◆ **Exercise prompt**
Using the data below, reproduce exactly the lines from the line with "IncidentMonitor Service Desk" to the line with "söt vektor uz", both included; pictures must be dropped.

◆ **Data for processing**
◇ ◇ ◇ ◇ ◇ ◇ ◇
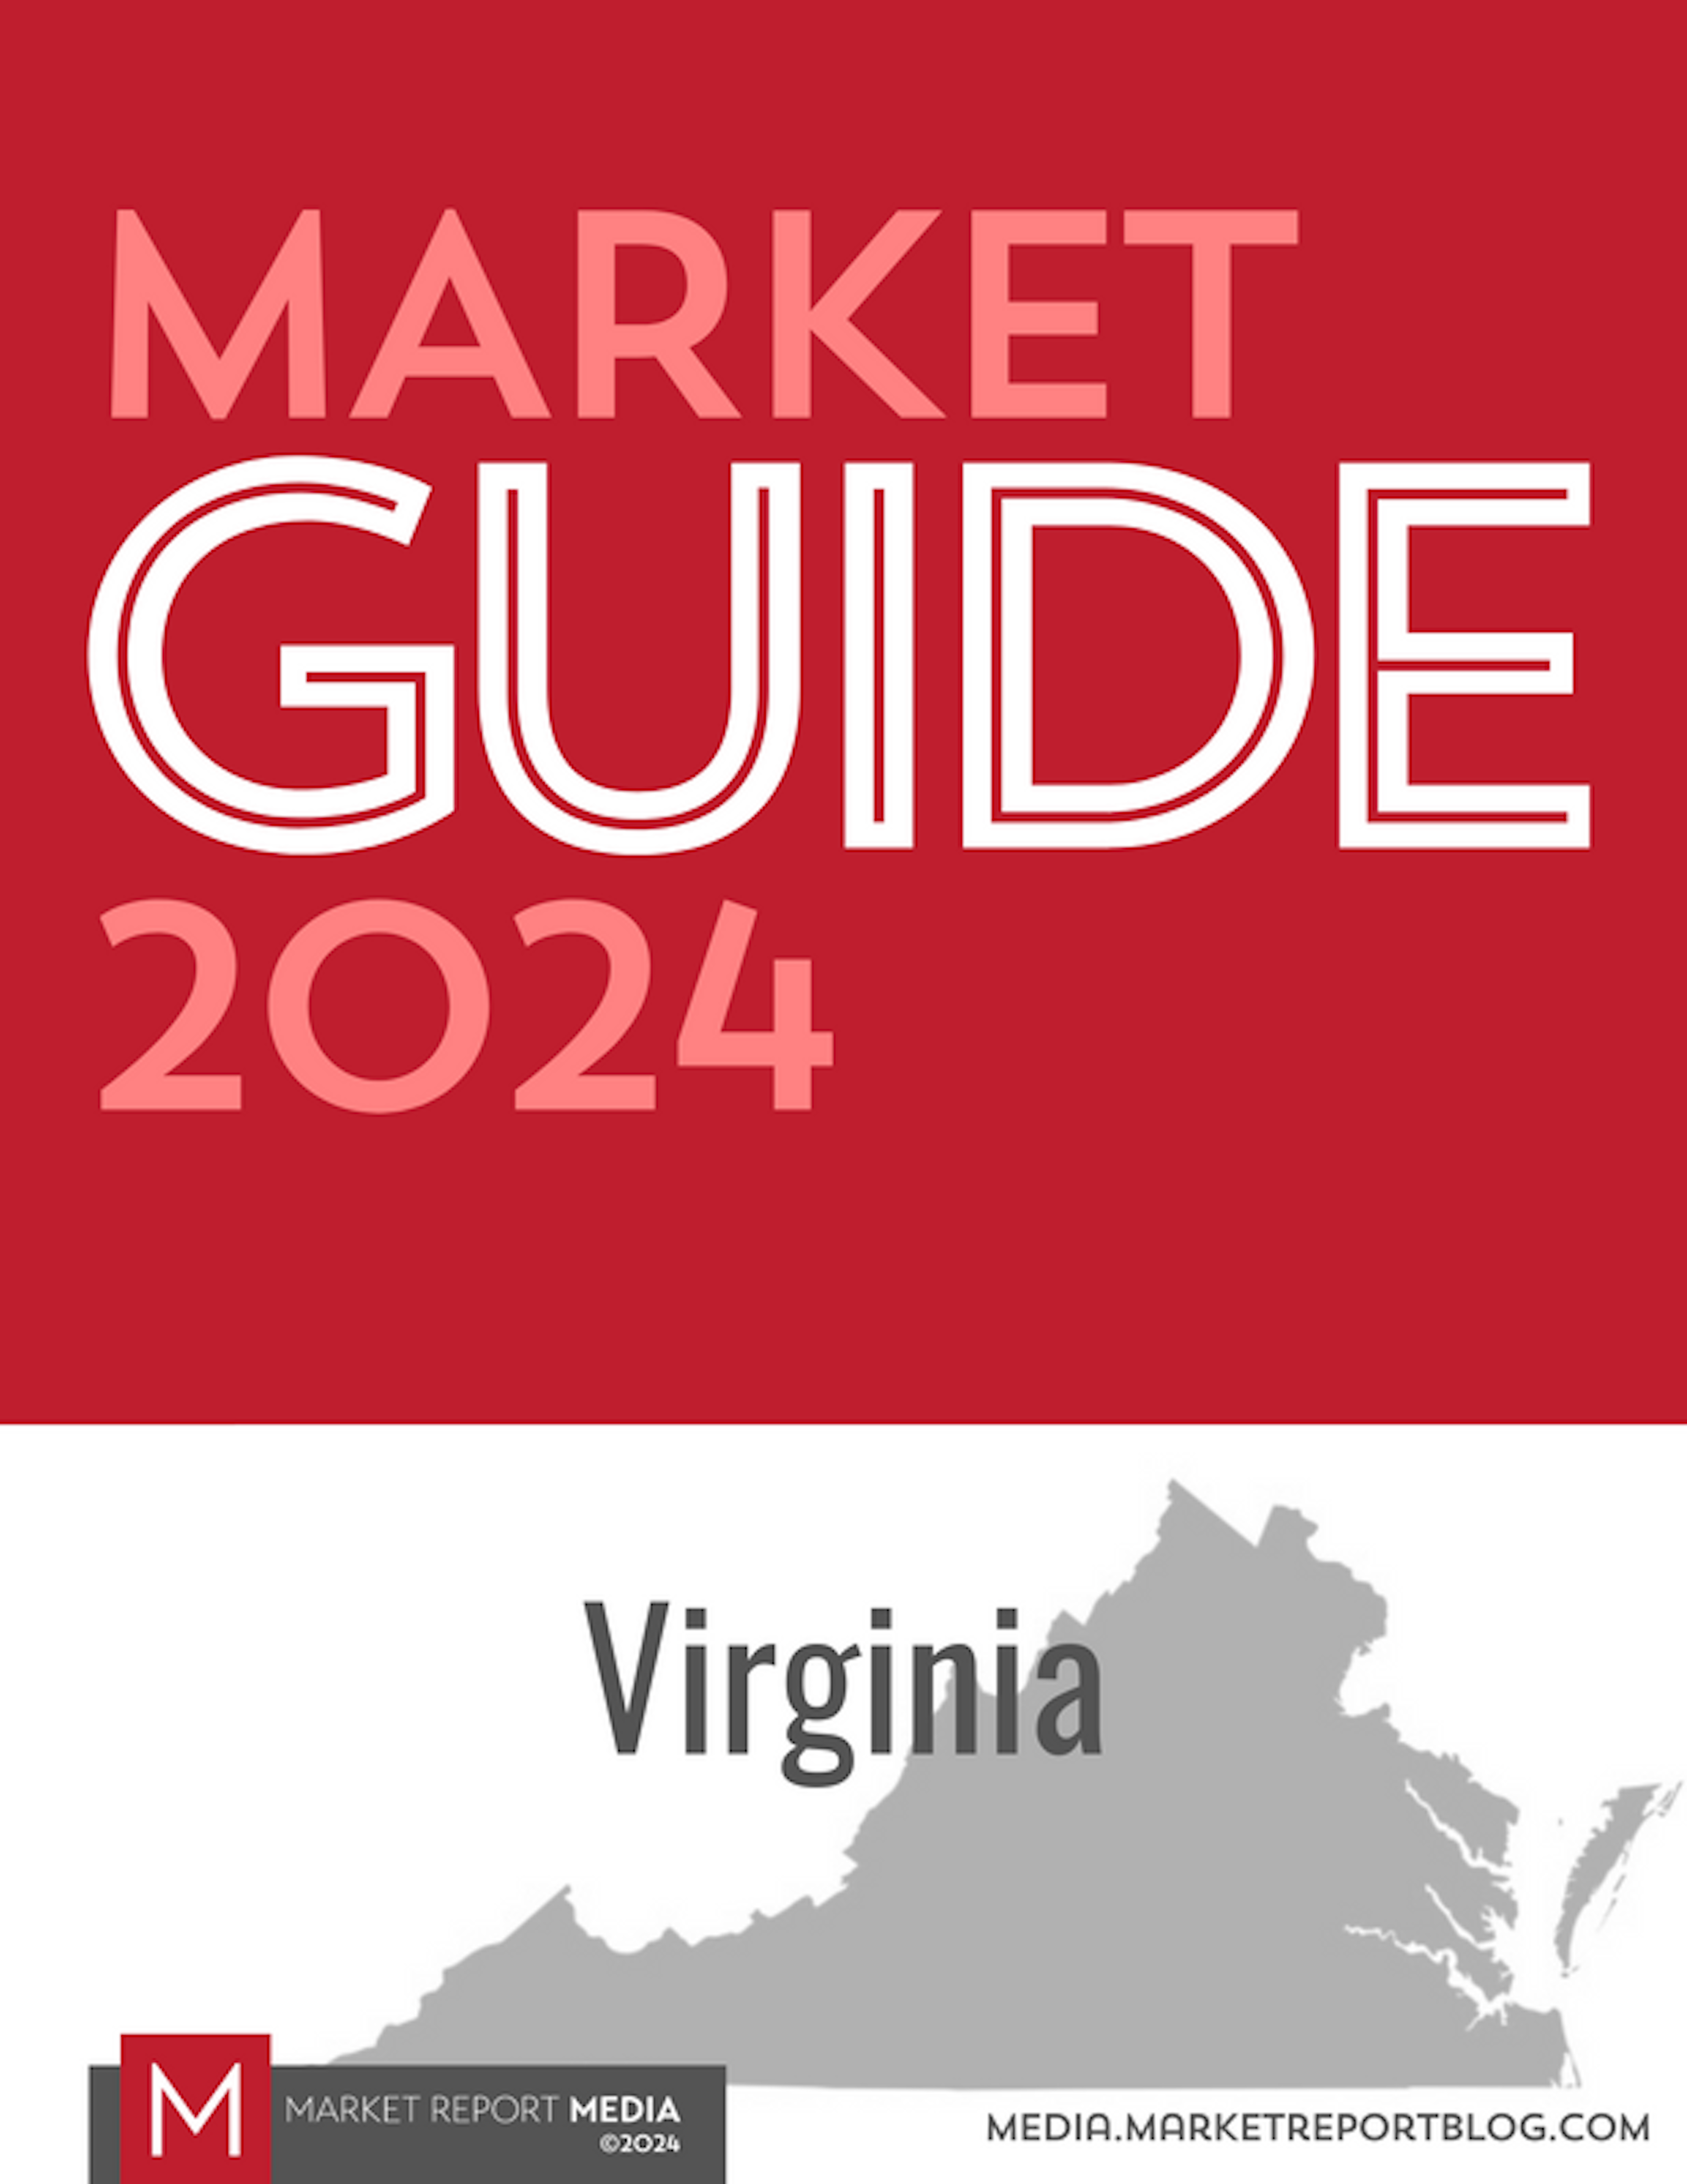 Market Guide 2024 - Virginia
◇ ◇ ◇ ◇ ◇ ◇ ◇
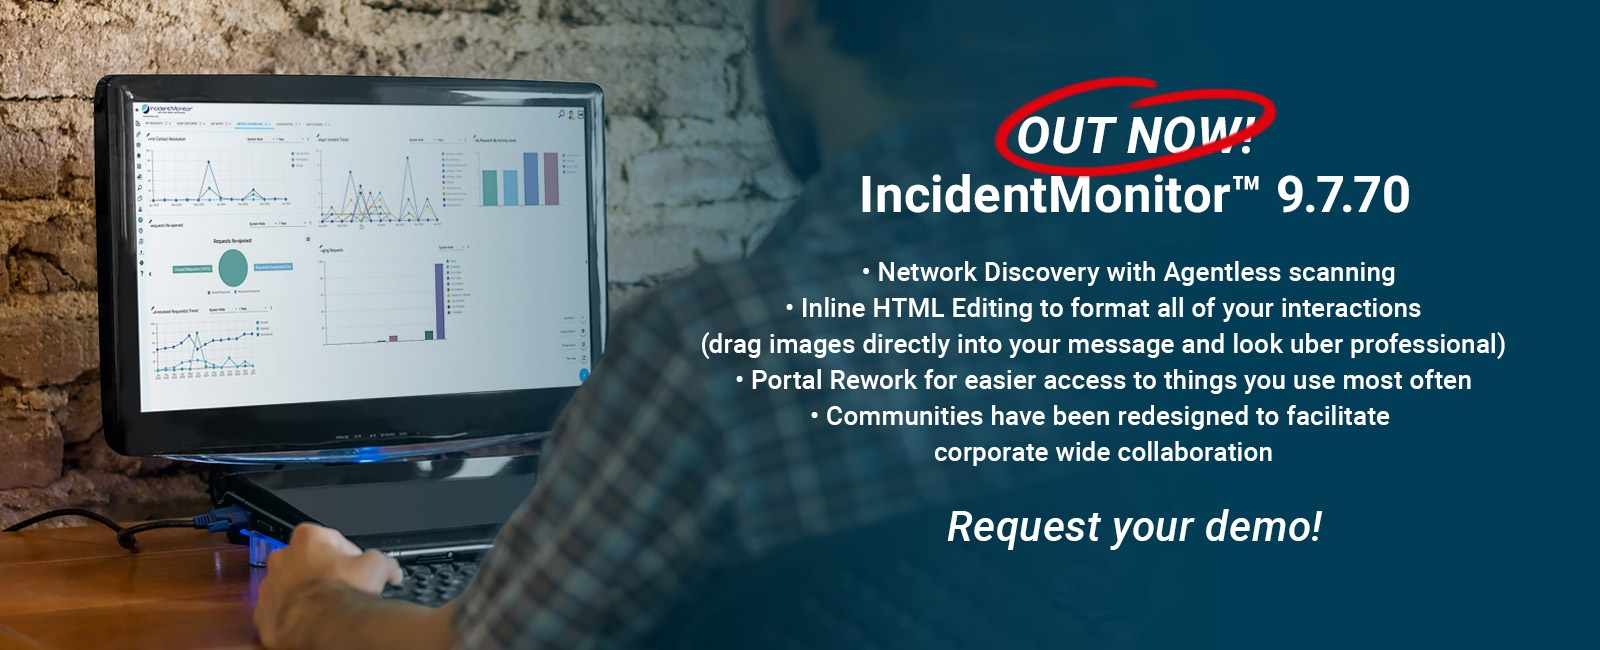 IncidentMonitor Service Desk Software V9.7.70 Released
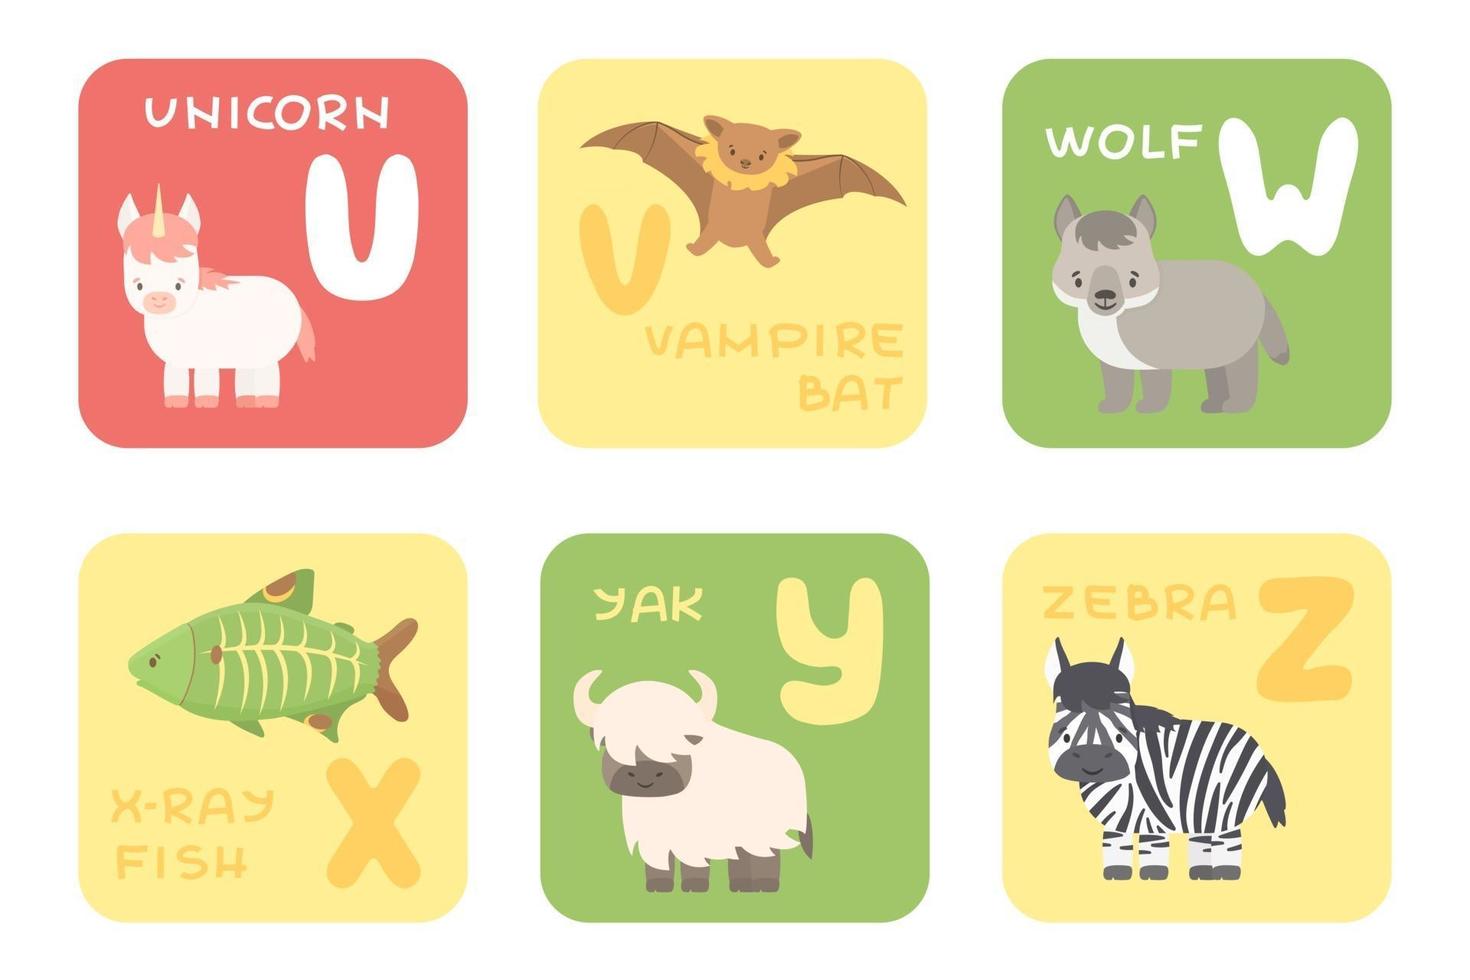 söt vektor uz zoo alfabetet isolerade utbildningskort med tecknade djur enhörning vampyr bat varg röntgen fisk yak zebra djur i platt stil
◇ ◇ ◇ ◇ ◇ ◇ ◇
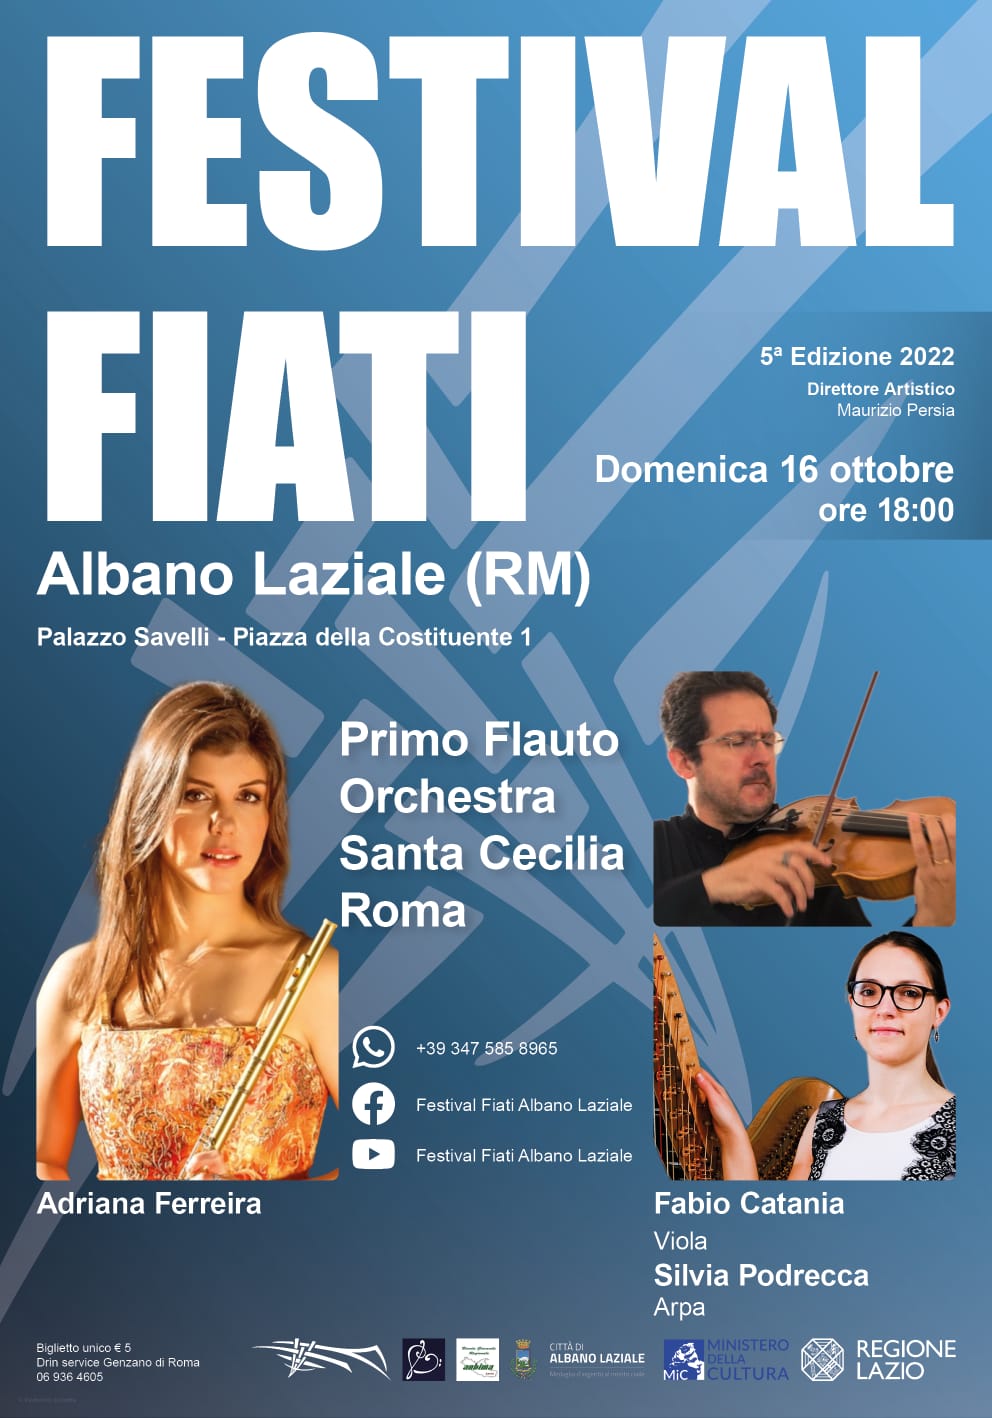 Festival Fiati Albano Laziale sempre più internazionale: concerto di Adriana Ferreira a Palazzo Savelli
◇ ◇ ◇ ◇ ◇ ◇ ◇
◆ **Result below**
 IncidentMonitor Service Desk Software V9.7.70 Released
 söt vektor uz zoo alfabetet isolerade utbildningskort med tecknade djur enhörning vampyr bat varg röntgen fisk yak zebra djur i platt stil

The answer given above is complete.